- **ABOUT THIS TASK**
Copy out all the lines of the data precisely, omitting any pictures.

- **THE DATA**
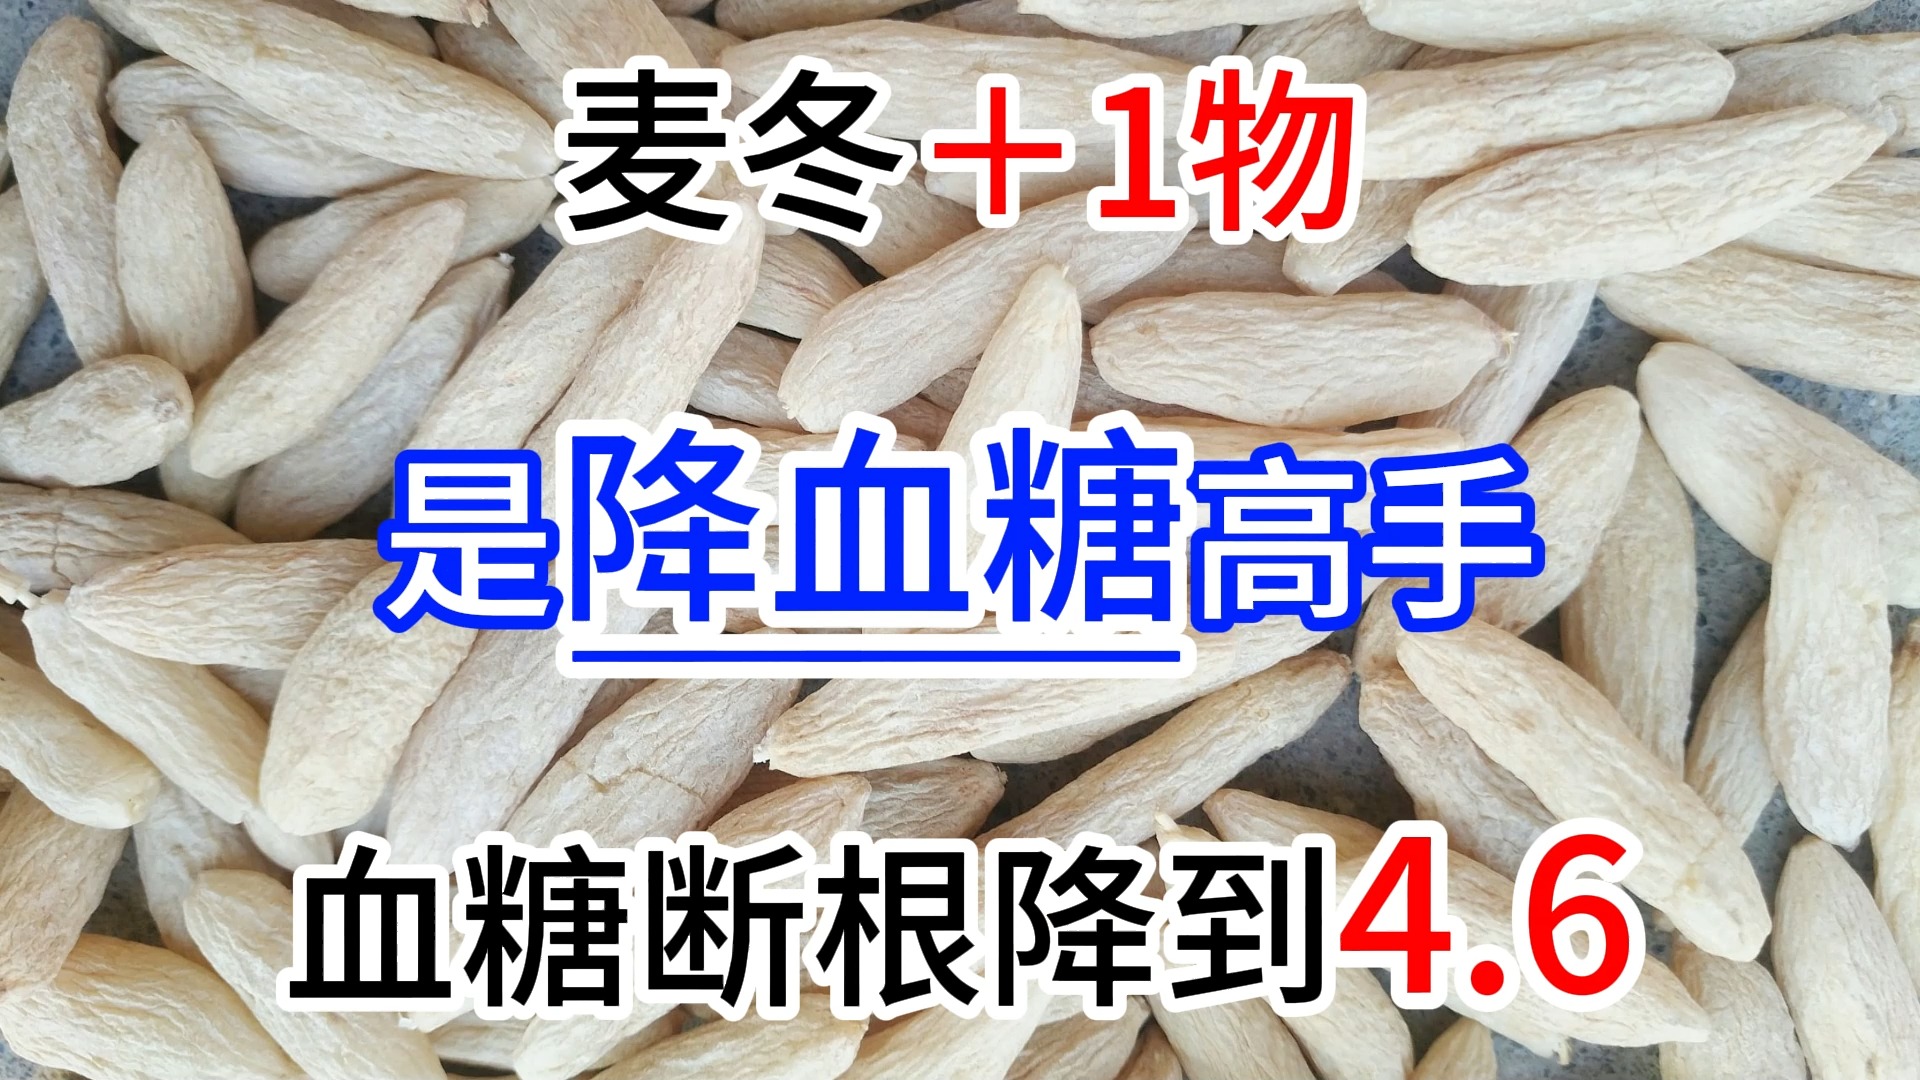 麦冬＋1物，是降血糖高手，血糖断根降到4.6
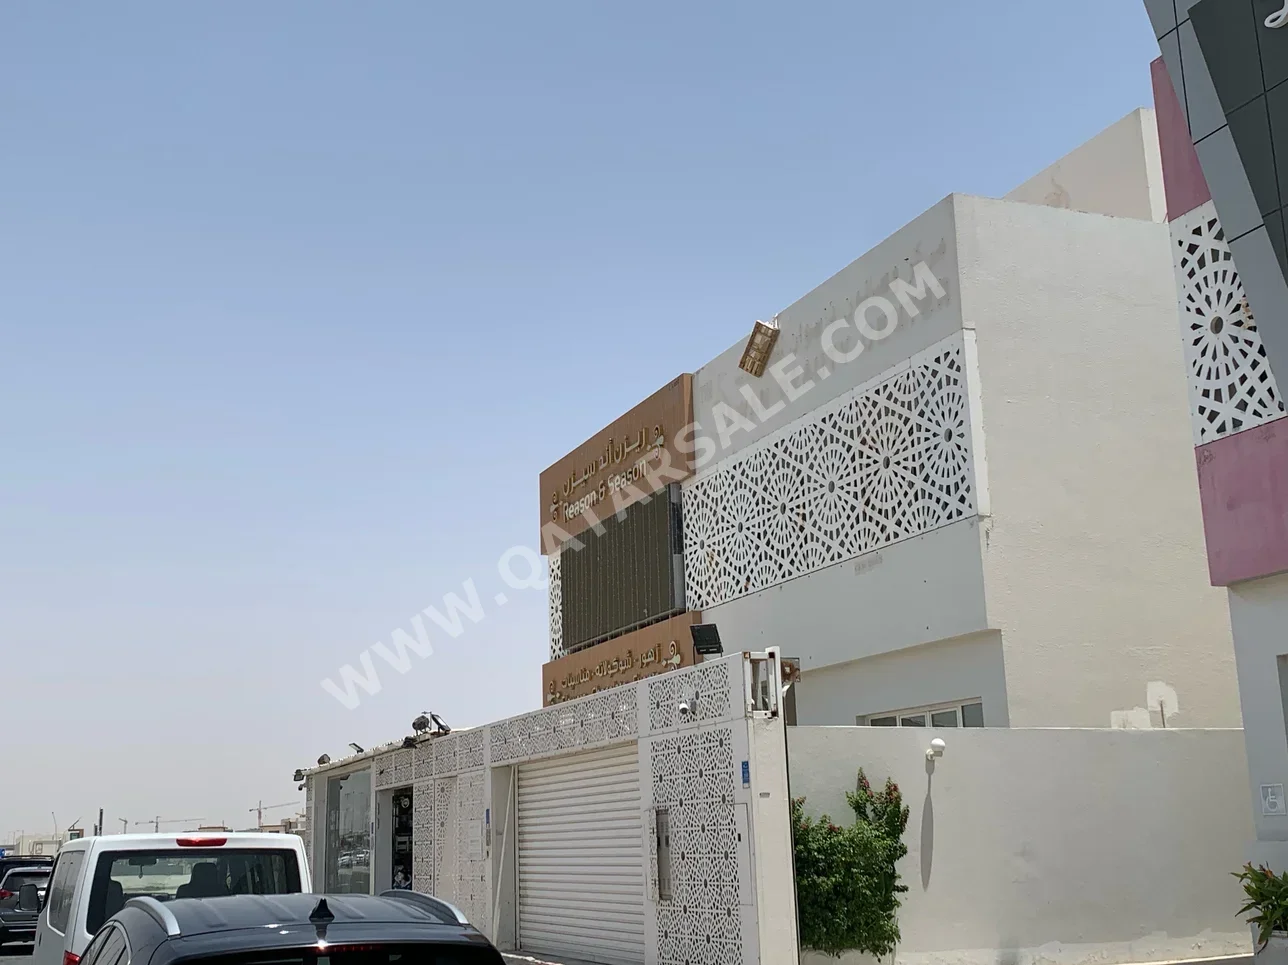 Commercial  - Semi Furnished  - Al Daayen  - Al Khisah  - 5 Bedrooms
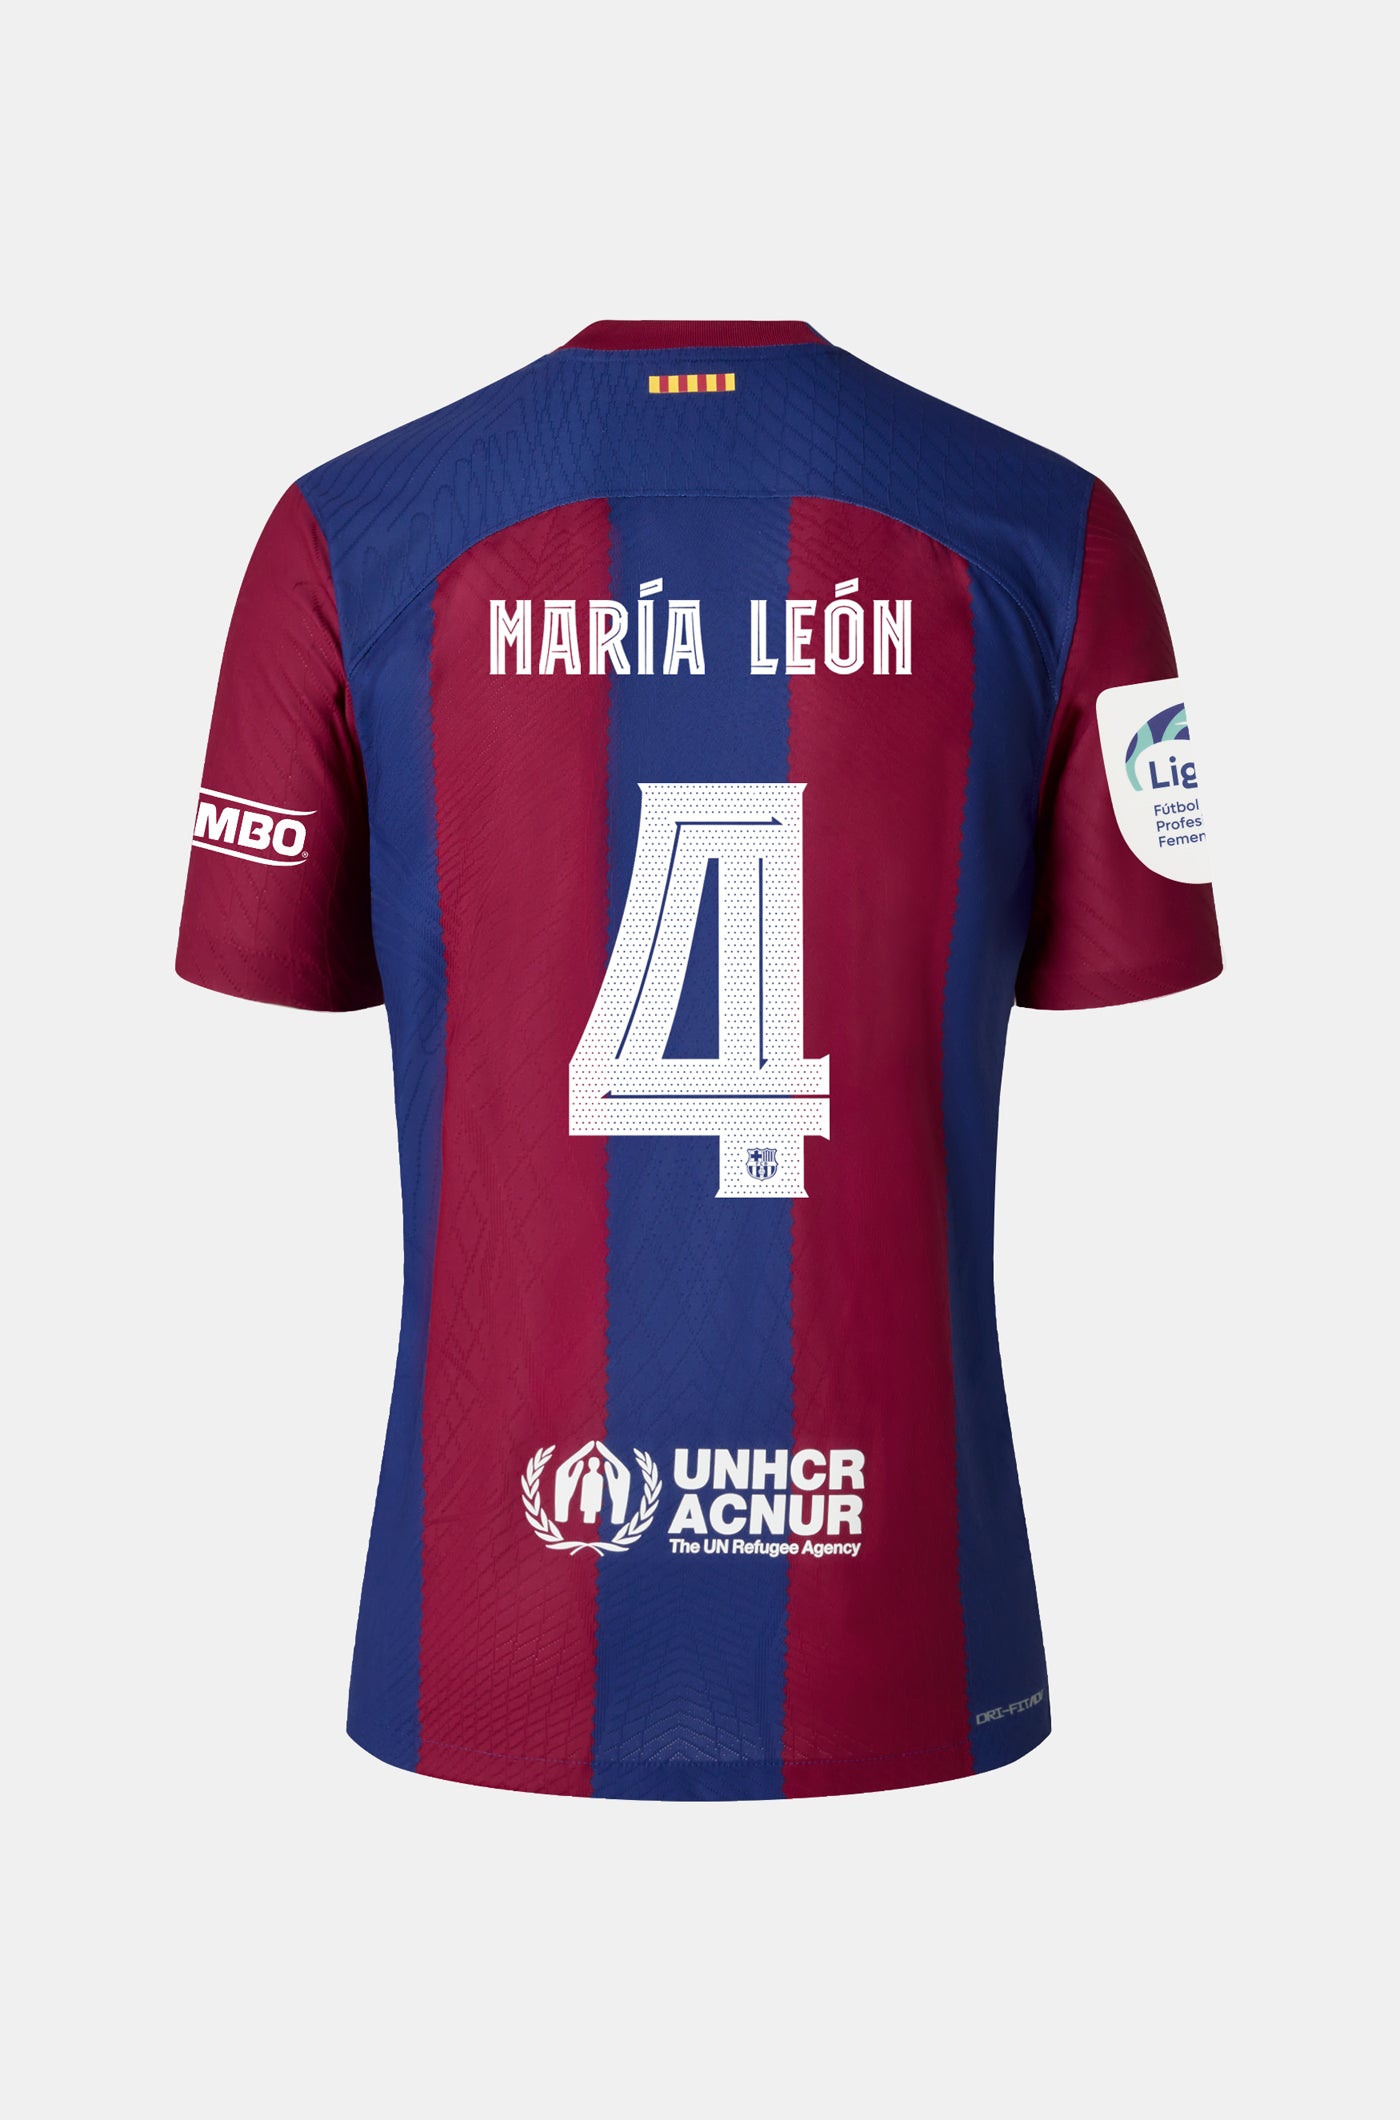 Liga F FC Barcelona home shirt 23/24 - Women - MARÍA LEÓN

- **FINAL ANSWER**
 麦冬＋1物，是降血糖高手，血糖断根降到4.6
 Commercial  - Semi Furnished  - Al Daayen  - Al Khisah  - 5 Bedrooms
 Liga F FC Barcelona home shirt 23/24 - Women - MARÍA LEÓN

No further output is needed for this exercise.